Assigned task
Would you retype exactly the lines from the one holding "Купить Процессор AMD" through the last line of the listing, and only those, without pictures?

Given data
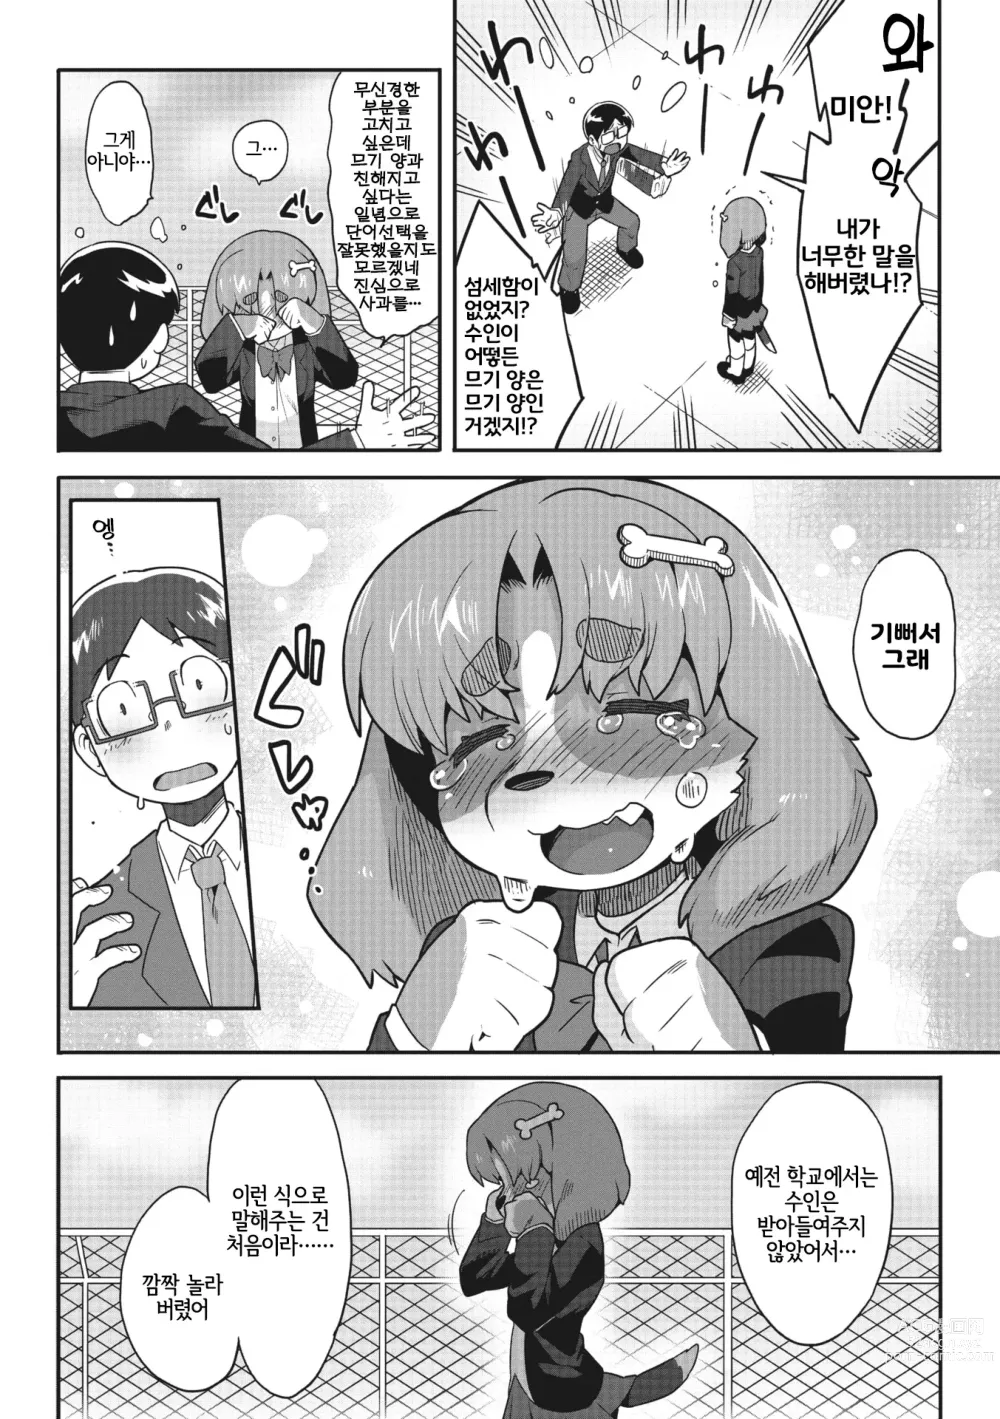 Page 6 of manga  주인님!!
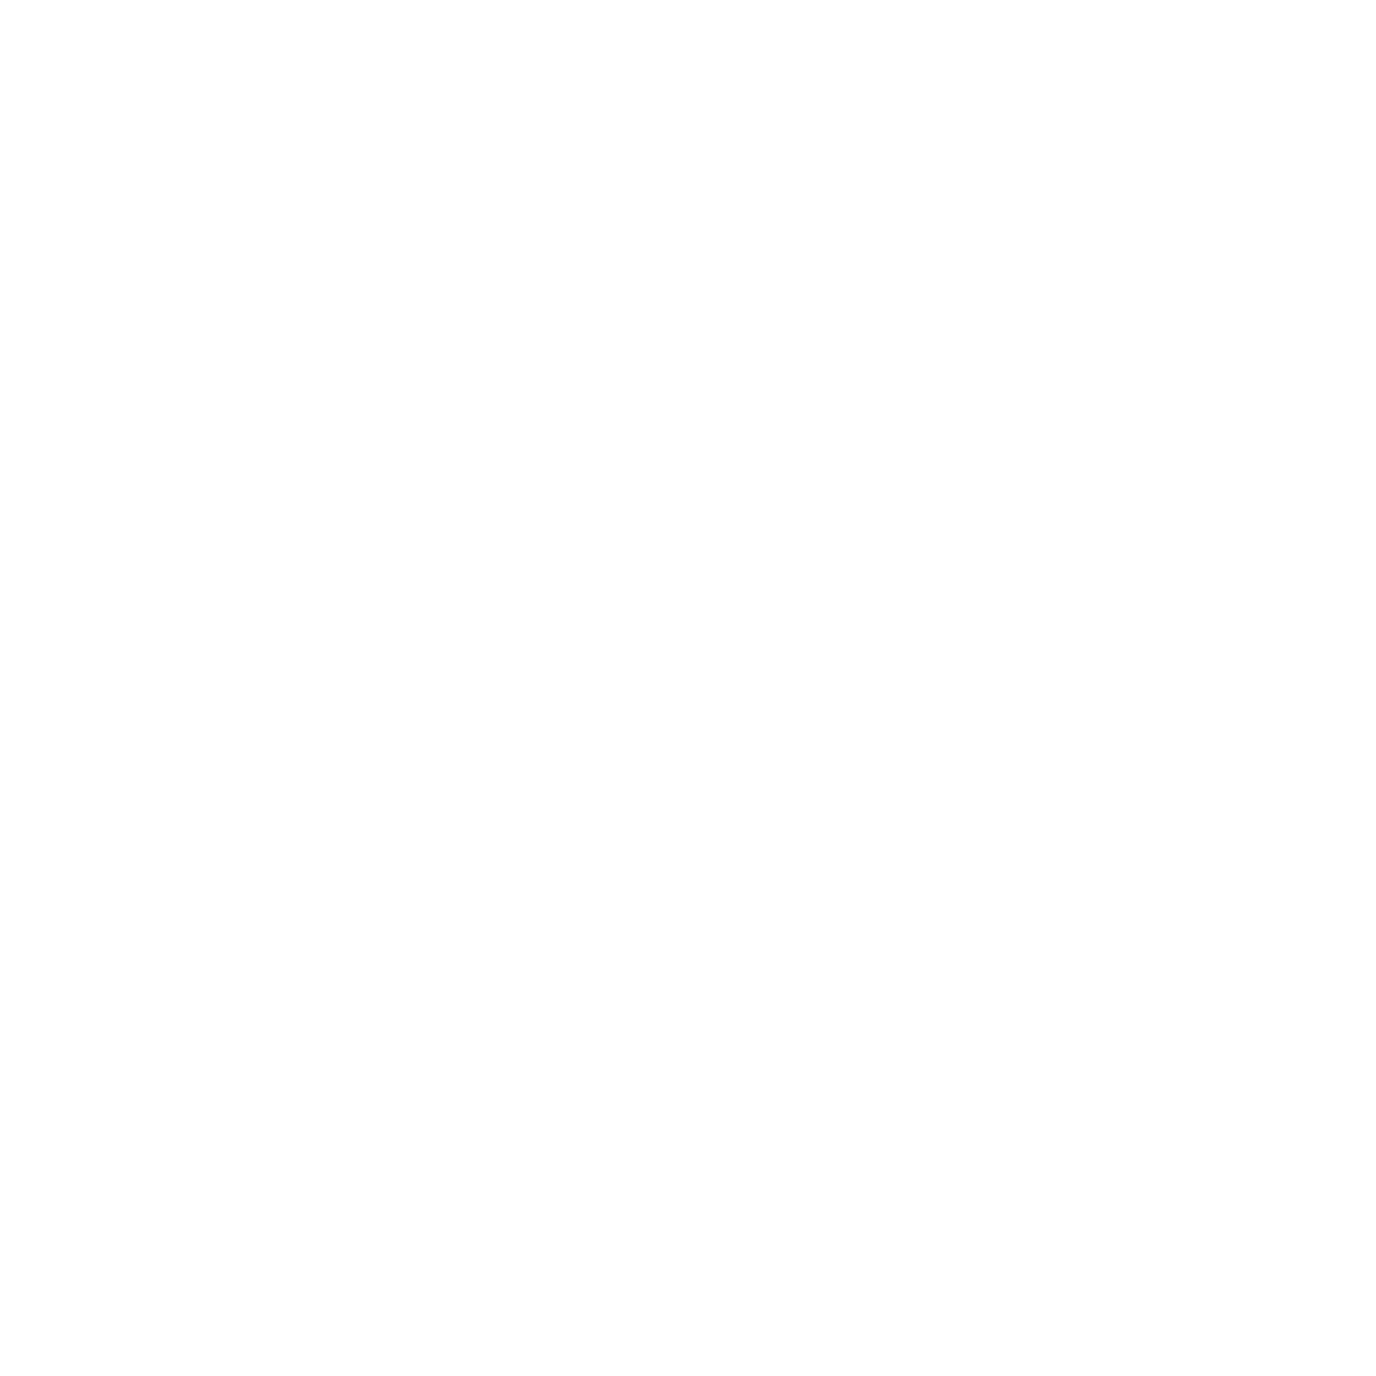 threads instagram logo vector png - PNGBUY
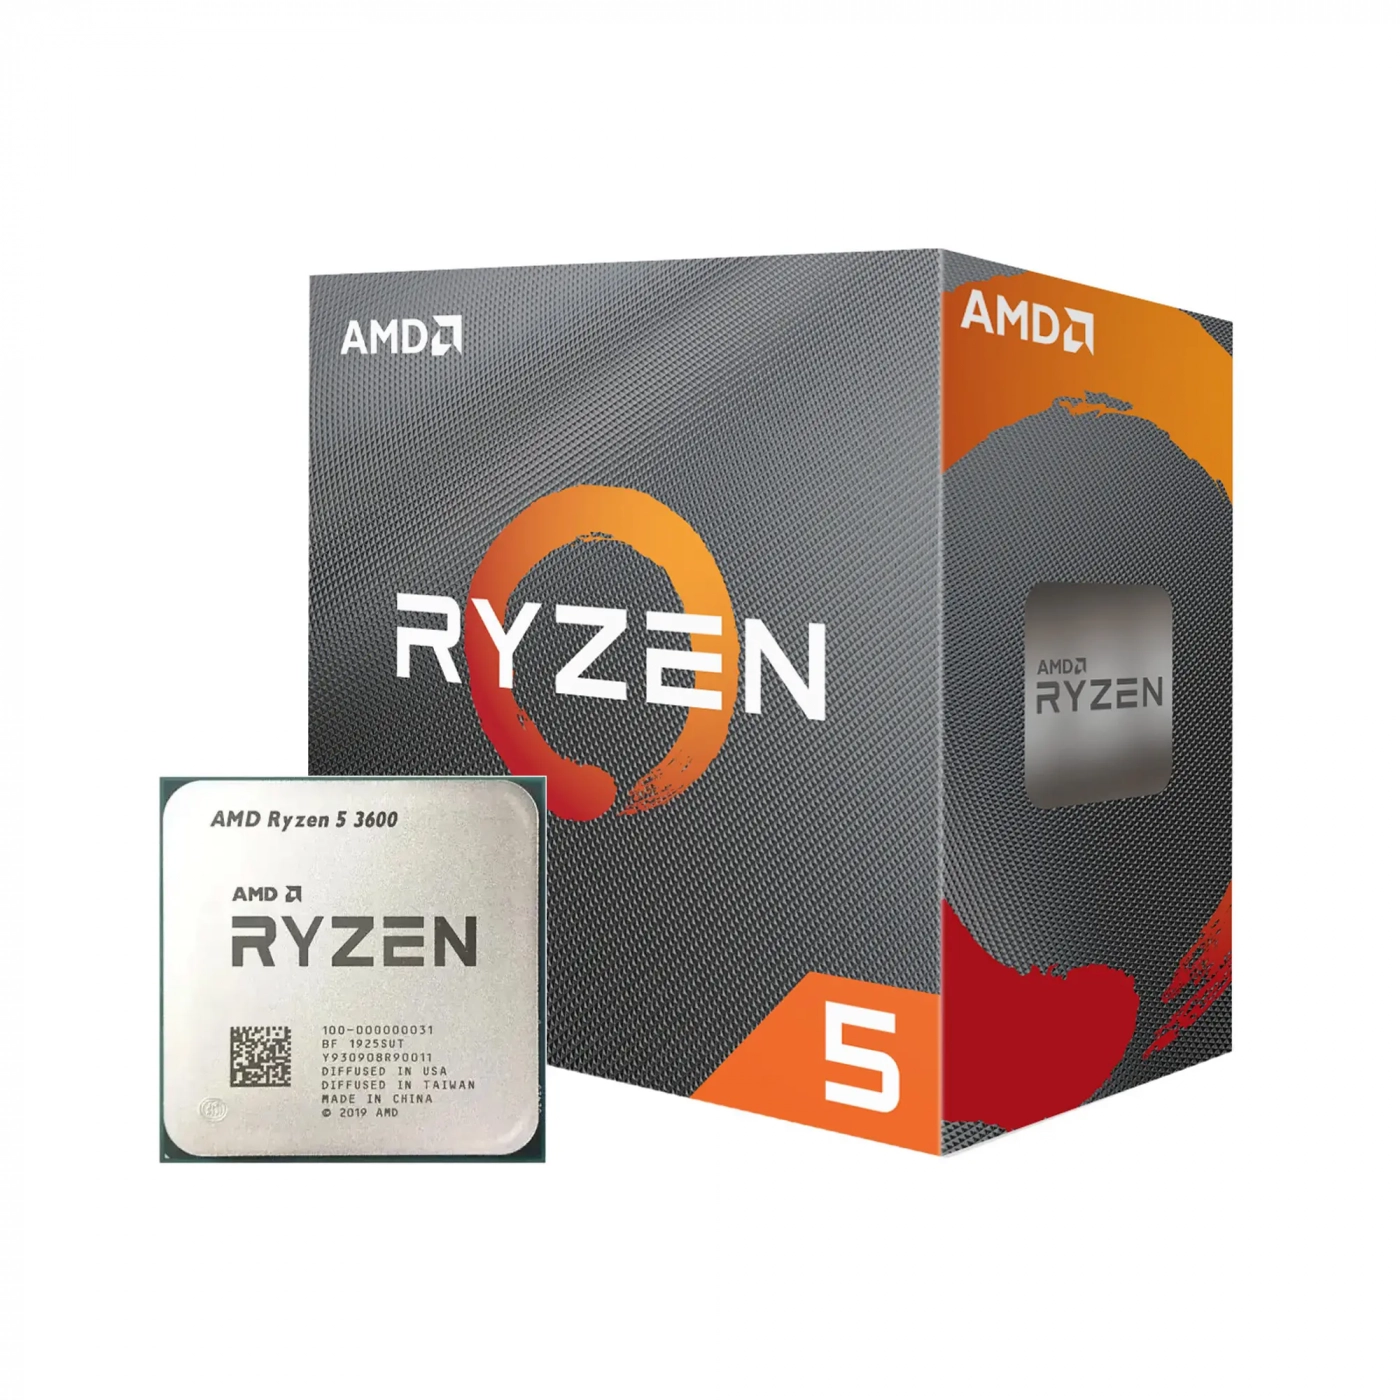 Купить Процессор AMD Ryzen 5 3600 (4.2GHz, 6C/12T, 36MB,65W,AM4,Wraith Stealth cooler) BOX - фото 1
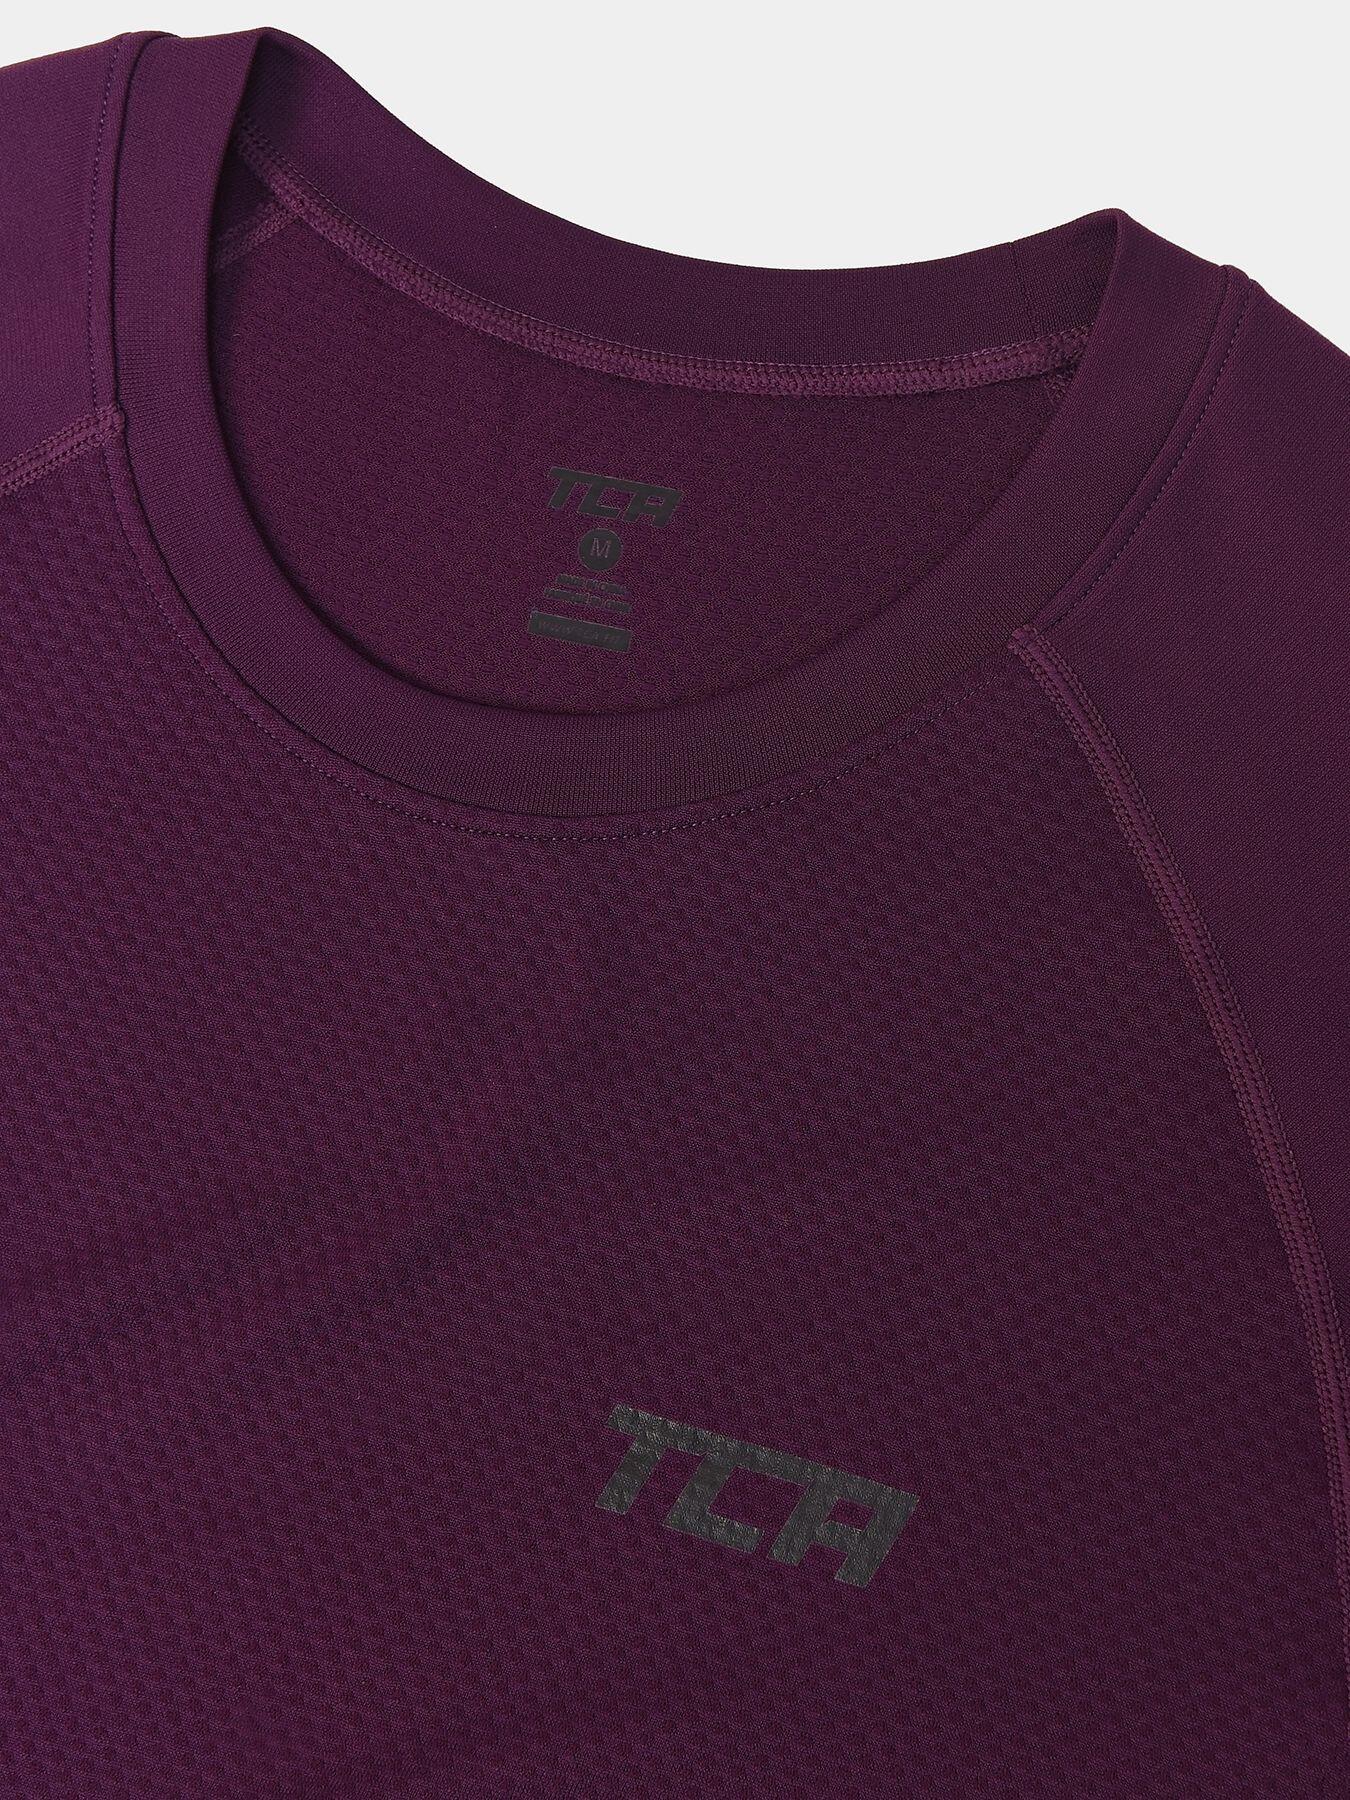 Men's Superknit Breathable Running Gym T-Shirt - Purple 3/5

Output for this exercise
 Купить Процессор AMD Ryzen 5 3600 (4.2GHz, 6C/12T, 36MB,65W,AM4,Wraith Stealth cooler) BOX - фото 1
 Men's Superknit Breathable Running Gym T-Shirt - Purple 3/5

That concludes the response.